Эффект искажения - Удовиченко Диана Донатовна 13 стр.


Из истории рода делла Торре

Милан, год 1135 от рождества Христова

В маленькой таверне пахло дешевым прокисшим вином, подтухшей рыбьей требухой и немытыми телами. Как и всегда по вечерам, здесь было людно: обмывали выручку мелкие торговцы, судачили за стаканом усталые ремесленники и слуги из близлежащих домов, отдыхали сдавшие караул стражники. В одном углу тихо сидела компания пропивающих заработанную мелочь нищих, в другом хихикала стайка вышедших на ночной промысел блудниц.

Над очагом жарился свиной окорок. Янтарные капли стекали по подпаленной шкуре, падали в огонь, добавляя к душному воздуху таверны запах горящего жира. Толстый неопрятный хозяин поворачивал вертел, успевая разливать вино для посетителей, но все внимание его было поглощено беседой с Луиджи, который устроился возле стойки, покрытой многолетним слоем грязи.

- Ох-ох, беда за бедой на дом делла Торре рушится, - хитро прищурившись, причитал хозяин. - Или проклял кто?…

- Ну, как сказать… - Луиджи, довольный таким вниманием, сделал большой глоток из глиняной кружки, солидно отрыгнул и продолжил: - Что до мадонны Ортензии, так она давно водянкой страдала.

- Говорят, раздуло ее так, что не узнать? - наклонившись к гостю, прошептал хозяин.

- Истинная правда, синьор Горголло, с трудом в гроб поместилась болезная, - кивнул Луиджи.

Хозяин осенил себя крестным знамением.

- А граф делла Торре что? Он, говорят, и сам недужен?

- Так и зашелся в рыданиях наш бедный господин, - простодушно ответствовал Луиджи, - так и залился слезами. Думали, все - уйдет следом за госпожой. Но пока, милостью божьей, еще жив, хотя и очень слаб.

К стойке подходили все новые гости, жадно вслушивались, желая во всех подробностях знать о чужом горе.

- Все придворные разбежались, все слуги, - жаловался Луиджи. - Только мы с Руджеро не покинули несчастного господина. Все на наших плечах: и дом, и больной… целый-то день в заботах… вот, нынче новых слуг наняли. Может, полегче станет.

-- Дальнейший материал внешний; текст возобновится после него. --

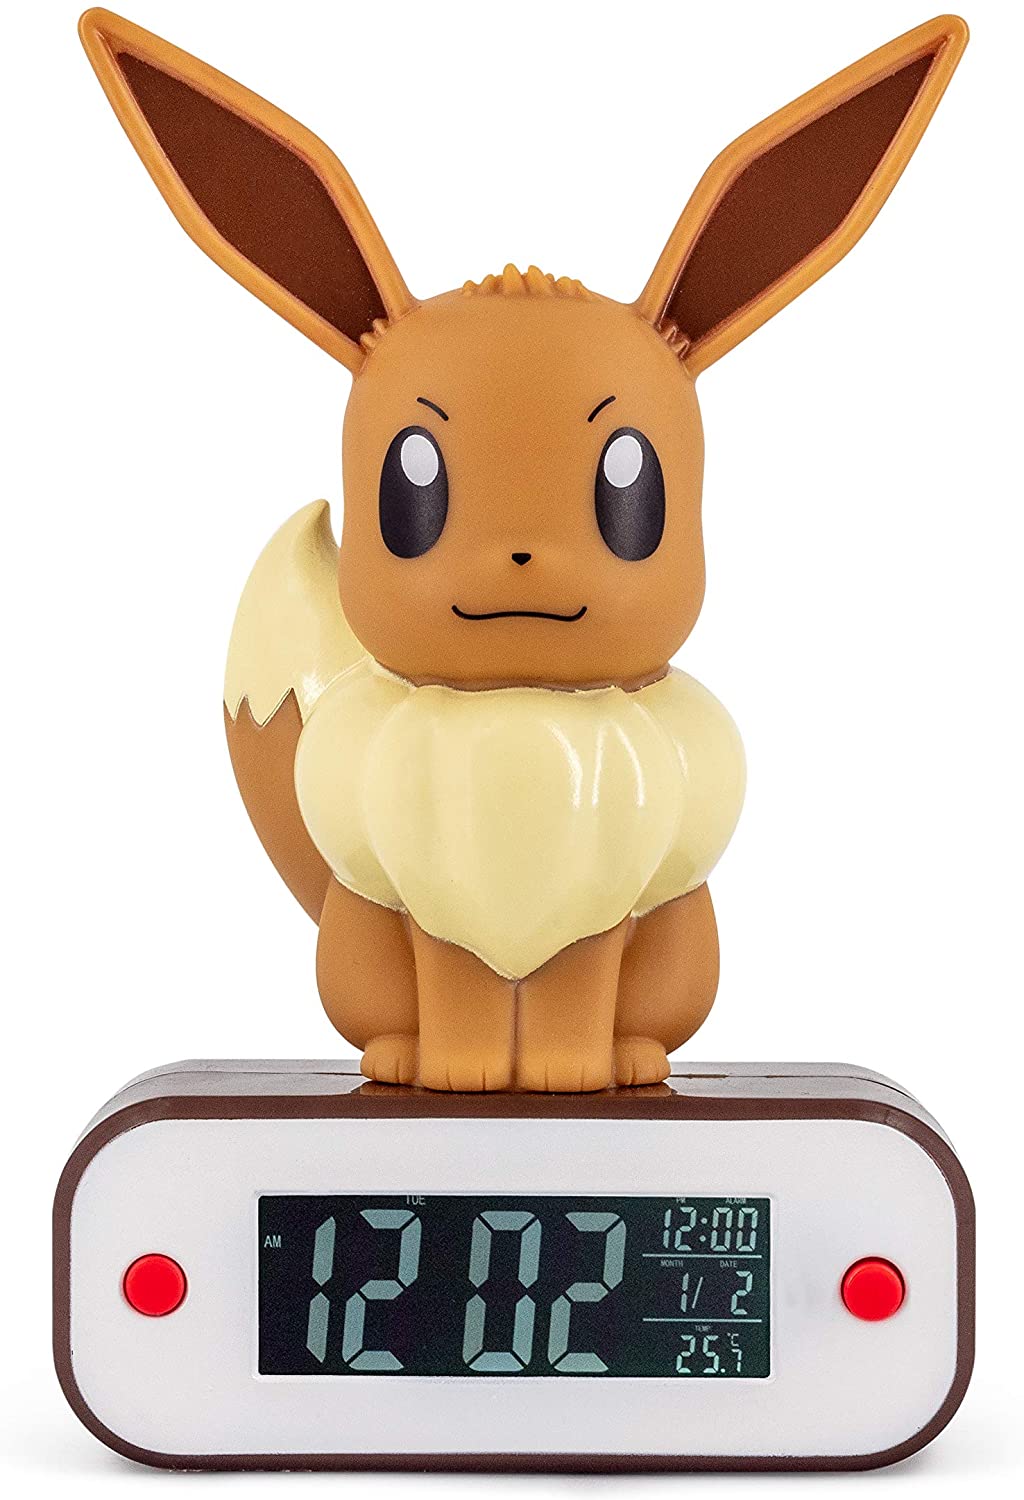 TEKNOFUN 811370 Pokemon Eevee 3D Pokemon Alarm Clock and Lamp, Brown, 18

- Ай-яй-яй, - вторил синьор Горголло, - времена нынче худые, неспокойные, всюду беда. А слыхали, в городе убийца завелся: то ли разбойник, то ли зверь дикий…

- Нечисть! - припечатывая монету к стойке, твердо произнес худощавый монах в истрепанной, подпоясанной вервием рясе. - Наказание за грехи!

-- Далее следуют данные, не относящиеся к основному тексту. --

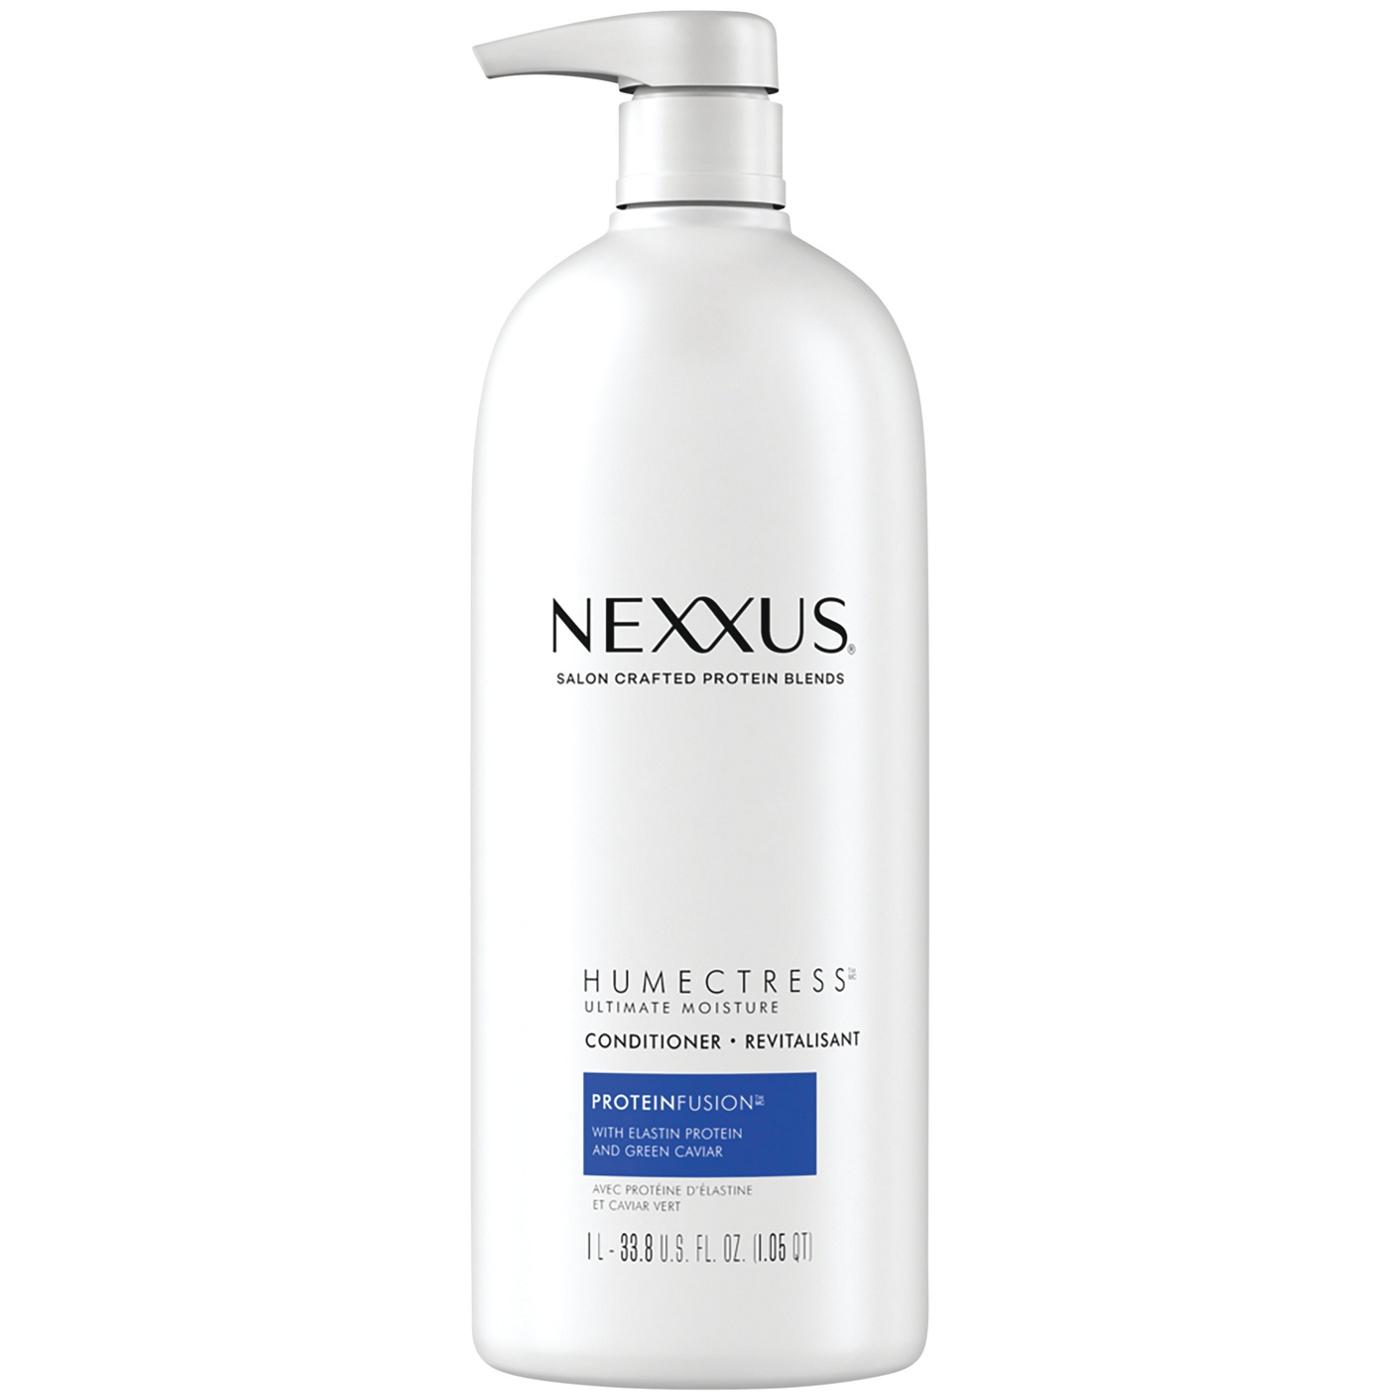 Nexxus Shampoo, Ultimate Moisture

- Так оно и есть, фра Томмазо, так и есть, - поддакнул хозяин, почтительно подвигая монаху большую кружку, доверху налитую вином. - Эй, трава придорожная! - окликнул он блудниц, - Зверь вам, случаем, не встречался? Не страшно промышлять-то?

- Если встретится, мы тебе уж ничего не расскажем, - пьяненько захихикала хорошенькая девушка, совсем еще юная.

- Молчи, Джина, дурная ты девка! - одернула ее полная женщина с бледным, увядающим лицом. - Не приманивай беду… А вам стыдно смеяться, синьор Горголло. Вчера зверь убил Носатую Розину. Истерзал бедняжку так, что взглянуть страшно было. А ведь у нее трое голодных ртов осталось…

- Врата похоти, - икнул монах, - семя Вавилонской блудницы. Это за ваши грехи платит Милан…

Захмелев, фра Томмазо разошелся и принялся клеймить погрязших в грехах миланцев. Луиджи, поджав губы, согласно кивал в такт его словам.

- А что достойнейшая мадонна Анджелика? - улучив момент, когда монах, утомившись, припал к кружке, спросил кто-то из гостей. - Как она переносит свое раннее вдовство?

- Заперлась в доме вместе с детьми. Молится, мужа оплакивает, даже в сад не выходит. Уж боимся, как бы и она не слегла, - погрустнел Луиджи.

- Времена, времена… - шептал растроганный синьор Горголло…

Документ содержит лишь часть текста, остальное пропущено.